In his work, Philosophical Investigations (1953), Ludwig Wittgenstein regularly referred to the concept of language-games. Wittgenstein rejected the idea that language is somehow separate and corresponding to reality, and he argued that concepts do not need clarity for meaning. Wittgenstein used the term “language-game” to designate forms of language simpler than the entirety of a language itself, “consisting of language and the actions into which it is woven” and connected by family resemblance (German: Familienähnlichkeit).

The concept was intended “to bring into prominence the fact that the speaking of language is part of an activity, or a form of life,” which gives language its meaning.

Wittgenstein develops this discussion of games into the key notion of a “language-game.”

Gödel saw that language has deep built-in ambiguities which were as puzzling as math and logic ones:

Gödel’s (died in 1978) incompleteness theorems are two theorems of mathematical logic that demonstrate the inherent limitations of every formal axiomatic system capable of modeling basic arithmetic. These results, published by Kurt Gödel in 1931, are important both in mathematical logic and in the philosophy of mathematics.

Take any simple sentence: say, “men now count.”

Without a human context of meaning, how would you ever decide if this means count in the sense of numeracy (one apple, two apples, etc.) or something entirely from another domain (i.e. males got the vote in a certain country and now “count” in that sense).

When you say, “count me in” or count me out,” how does that make any sense without idiomatic language exposure?

If you look at all the meanings of “count” in the dictionary and how many set phrases or idioms involve the word “count,” you will immediately get the sense that without a human “life-world” (to use a Husserl phrase), you could never be sure of any message or sentence at all involving such a fecund word.
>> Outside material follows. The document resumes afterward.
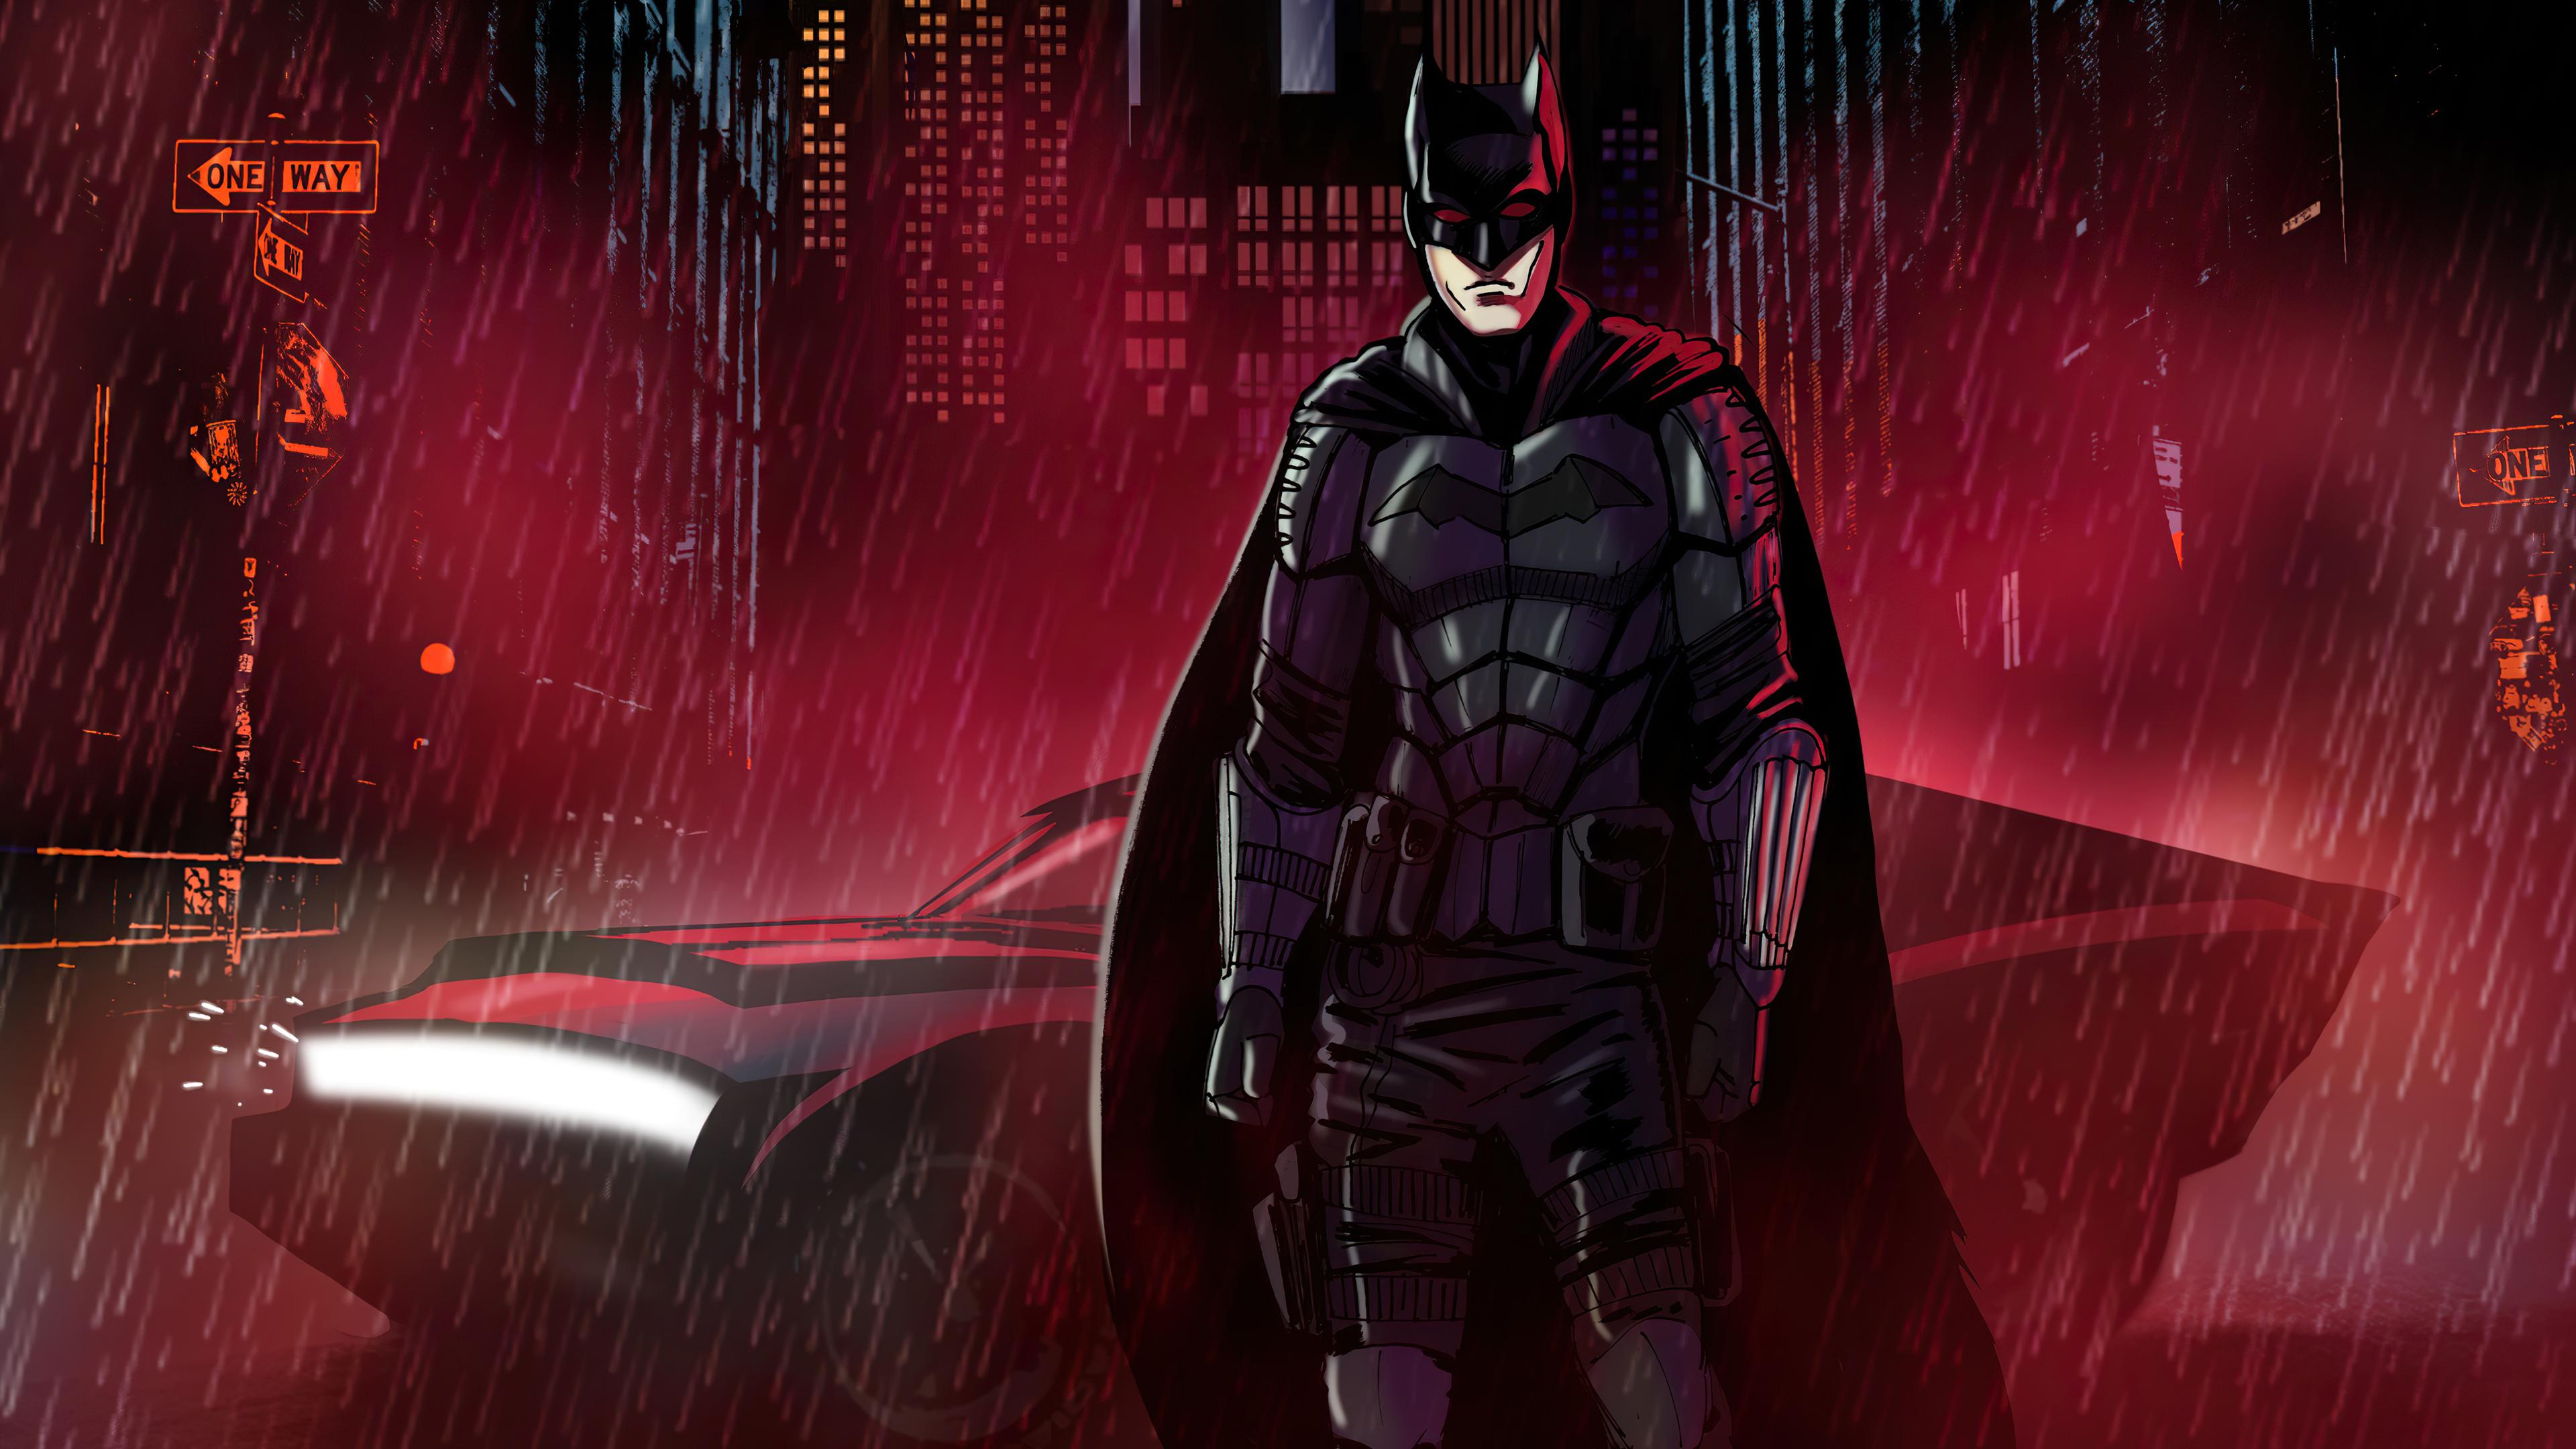 the batman night cyberpunk neon 4k 1616956946 - The Batman Night Cyberpunk Neon 4k - The Batman Night Cyberpunk Neon 4k wallpapers

One task of real education is to put these difficulties on the student’s plate and not avoid them.

Linguistics as such is not what’s at issue but rather a “meta-intelligent” sense of language, written or spoken as highly mysterious with or without the research into vocal cords, language genes (FOXP2, say) or auditory science and the study of palates or glottal stops and fricatives, grammars and syntax.

Seeing this promotes deep education (i.e., where understanding touches holism in an enchanting way).